For the most part, the library is amazing. Study rooms, computers, amazing collection for the most part. Awesome in 95% of the subjects you can study at UF. If you are in a major with a small population of students, the library is largely useless. Most of the minority languages have no updated material.
For those that are language majors, go visit the language lab before enrolling. Ask for the material. There was NOTHING for me of updated material. They handed me an ancient dictionary and grammar book that contains such old language I got marked wrong for using it. Other languages are worse off.
If you are accepted into a major that has good funding and population, then if you can afford it and don't mind the quality not living up to the rep, then at least you will get the name of UF on it. If you are not in a popular major beware. The money and budget is horribly abused and wasted on non-vital stuff when VITAL things need fixing. Poor management.The campus is okay as far as safety. I did not live on campus but if you pay for the better housing it is pretty safe. I hear of problems in the more communal living. Still, crimes are pretty regular. Your get them sent to your phone. There is rape, sexual assault, etc. on campus. If you're irresponsible about yourself, you bet somethings going to happen. Act responsible to avoid these people and keep cautious and you'll be fine. Campus security is poor in my opinion. The city of Gainesville isn't safe nor horrible, just kinda typical city crime. Lots of beggars and petty theft. I wouldn't over worry if you use your common sense.Overall its an okay school. If your in one of their popular majors then you will be fine. Don't expect the best, but it will be good. If your aren't, then find somewhere else. Tuition hikes are every year, so prepare for that. If you don't mind being a number, like me, you will enjoy relatively small class sizes except in the most popular classes.
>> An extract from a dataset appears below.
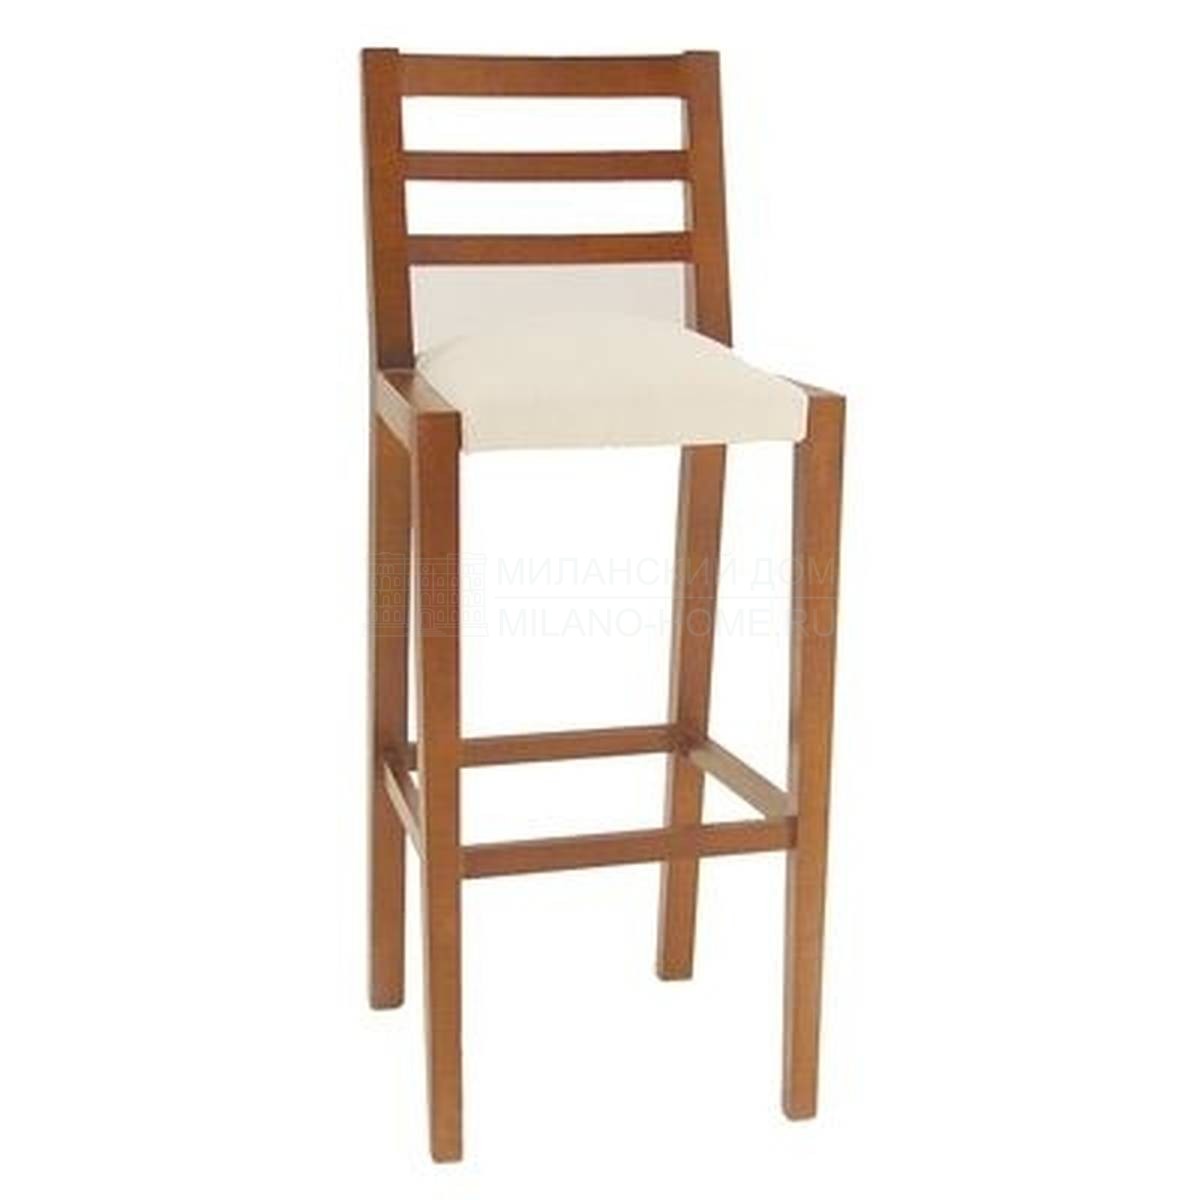 Полубарный стул M-3361 chair из Испании фабрики GUADARTE

I've recently transferred from UF to another state school. HS counselors pump this school up like it's MIT or Harvard, when in realty, they're not even in the same league as Ivy league schools. This school is soo freaking big and you're just another number. Most of the dorms are like 60 yrs old with no AC and most of the faculty doesn't speak English and you feel like they have no time for you because they're doing research. Sure..UF has good athletics, but I didn't come to college to party 24/7 or live for college football. Interestingly enough, everybody underage drinks here, the cops don't care on game-day. Don't believe the hype about UF, go visit other schools in the state before you pull the trigger. I'm now a senior at the University of Miami and loving it. More expensive but worth every penny.